Results: Of the patients included in the analyses: 659 (46.6%) had cardiac involvement, 523 (38.0%) endorsed depression, 673 (48.6%) endorsed anxiety, and 707 (51.1%) had RE. Patients with cardiac involvement (odds ratio [OR] = 1.31, 95% confidence interval [CI] = 1.05-1.63) and smokers (OR=1.27, CI=1.01-1.59) had significantly greater odds of endorsing symptoms of depression. Men (OR=0.73, CI=0.58-0.90) had significantly lower odds of reporting symptoms of anxiety, while patients with cardiac involvement (OR=1.26, CI=1.02-1.56) and smokers (OR=1.30, CI=1.04-1.62) had significantly increased odds of reporting symptoms of anxiety. Age ≥ 65 years was the only significant predictor of RE (OR=1.44, CI=1.16-1.79).

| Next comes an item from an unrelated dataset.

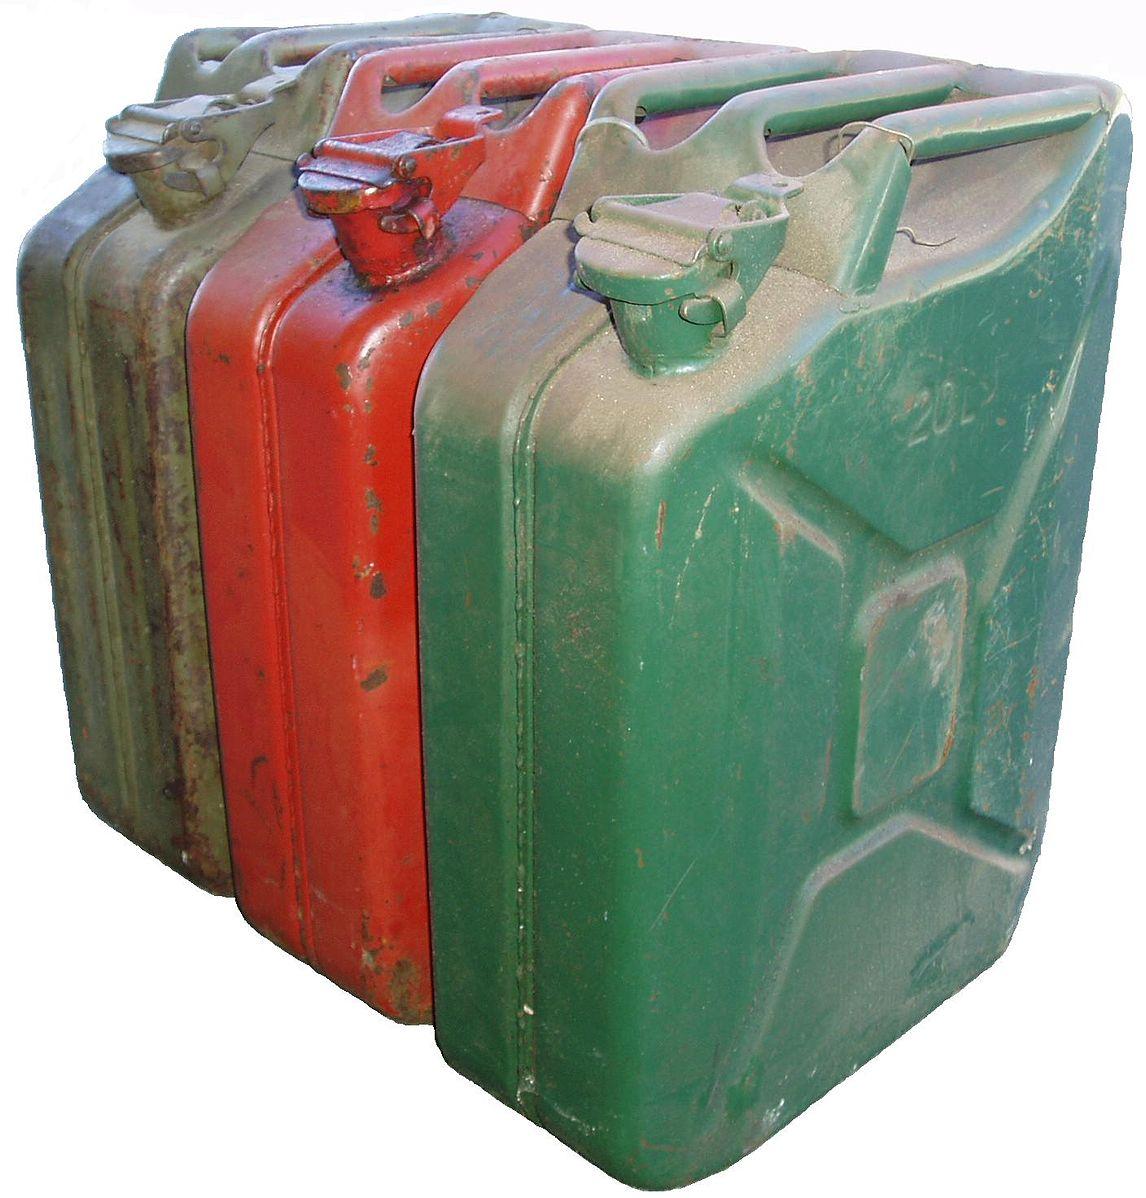 为什么80年前的油桶值得现在的设计师学习?

Conclusions: Depression and anxiety symptoms are common among patients with AL amyloidosis and also may have an adverse impact on daily functioning. After controlling for relevant demographic factors, patients with AL amyloidosis and cardiac involvement have greater odds of reporting symptoms of depression and anxiety. Limitations include extrapolating measures of depression and anxiety from a quality of life assessment and not exploring the impact of clinical severity of disease or comorbidities on these symptoms. Further research is needed to study the clinical impact on the treatment and well-being from these experiences of depression and anxiety commonly faced in AL amyloidosis. Indeed, these symptoms of clinical illness – depression and anxiety – can be significant comorbidities that require further attention as part of overall patient care.

Disclosures: No relevant conflicts of interest to declare.